В Бедном театре актер должен создать органическую маску средствами лицевых мускулов и пронести ее через весь спектакль. В то время как тело движется в соответствии с ситуацией, маска выражает отчаяние, страдание и безразличие. Актер умножает себя, в нем оживают одновременно несколько существ, он играет роль полифонически. Различные части тела дают свободу разным рефлексам, которые часто противоречат {81} один другому, когда словами опровергаются не только интонации, но и жесты и мимика.

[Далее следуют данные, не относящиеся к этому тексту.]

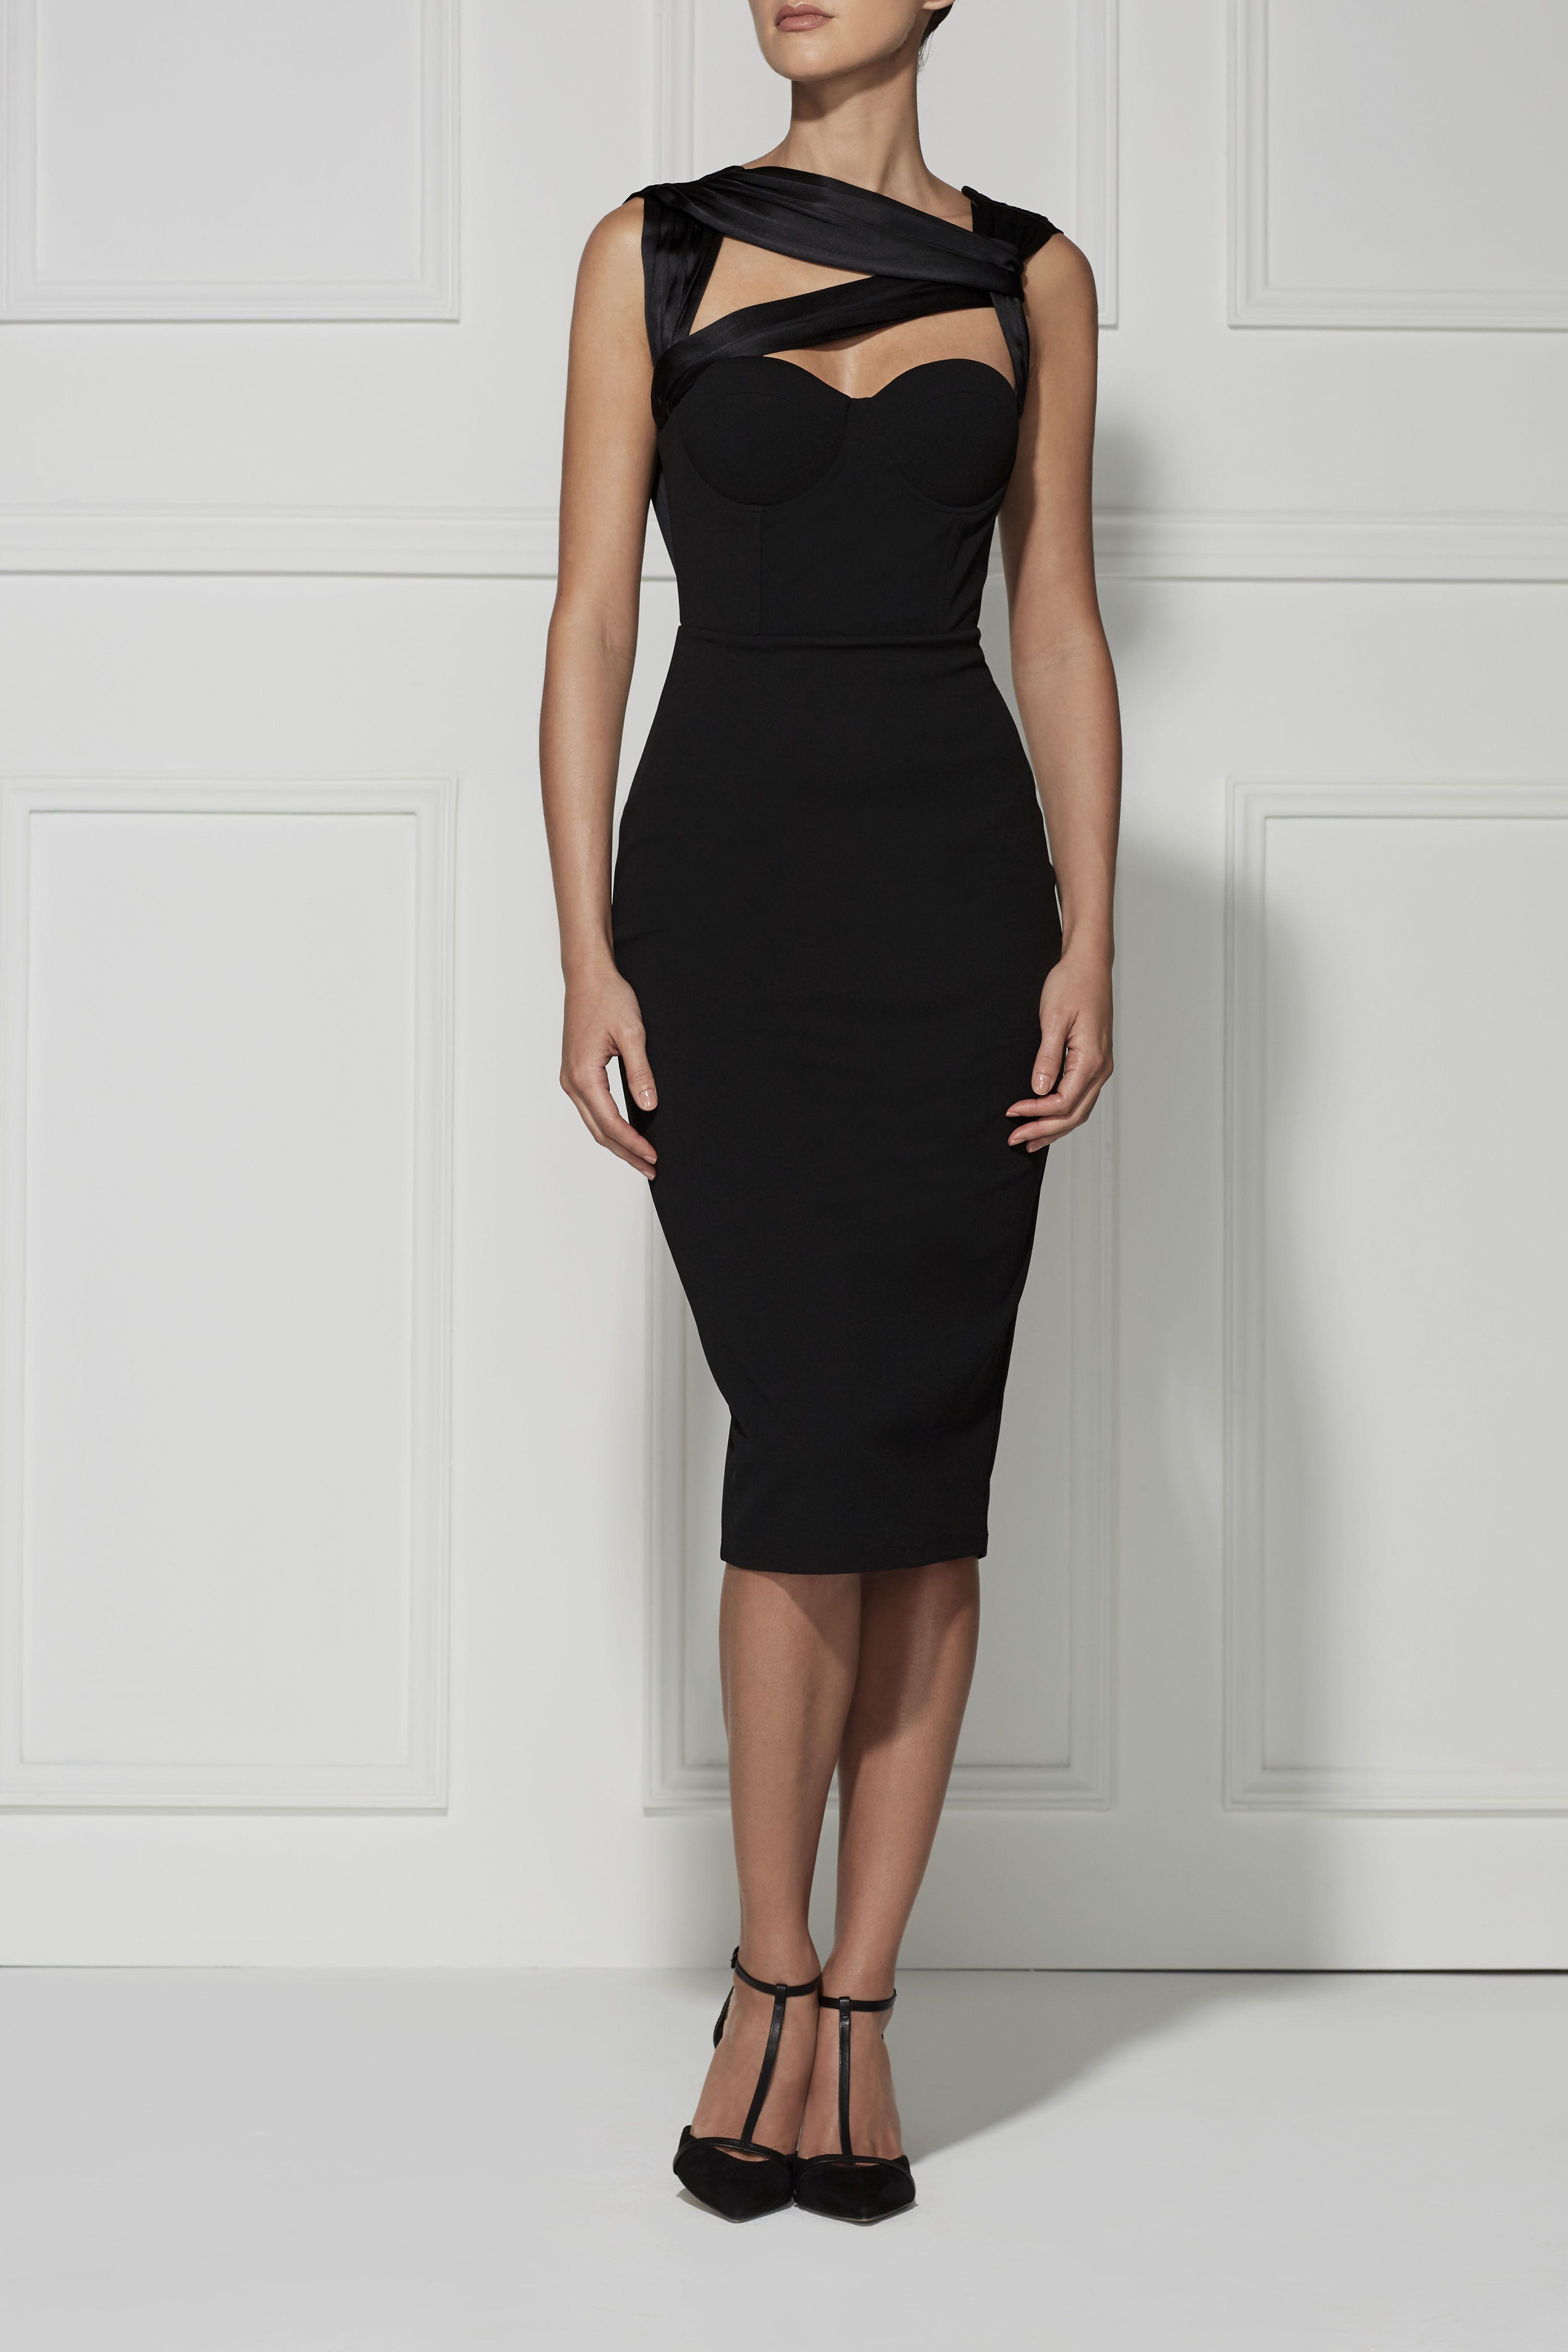 Taline dress misha collection fashion pinterest shopping

Все актеры используют жесты, положения и ритмы, взятые из пантомимы. Каждый имеет свой зафиксированный рисунок, а результат — деперсонализация персонажей. Когда изменены и как бы отменены индивидуальные черты, актеры становятся стереотипами человеческого рода.

Средства словесной выразительности оказались расширены за счет вокальных возможностей, начиная со звуков детского лепета и кончая ораториальным речитативом. Неартикулированные стоны, звериное рычание, нежные народные песни, литургическое пение, диалекты, поэтическая декламация — все это есть в спектакле. Звуки сплетены таким образом, что напоминают все языки сразу. Они смешаны в этой новой вавилонской башне, в столкновении чужих людей и языков, встретившихся перед истреблением.

Смешение несовместимых элементов в сочетании с изломанным языком выявляет примитивные рефлексы. То, что было изощренностью, становится животным поведением. Средства выражения буквально «биологического» связаны с условными композициями. В «Акрополе» человечность просеивается сквозь очень частое сито — и становится очищенной.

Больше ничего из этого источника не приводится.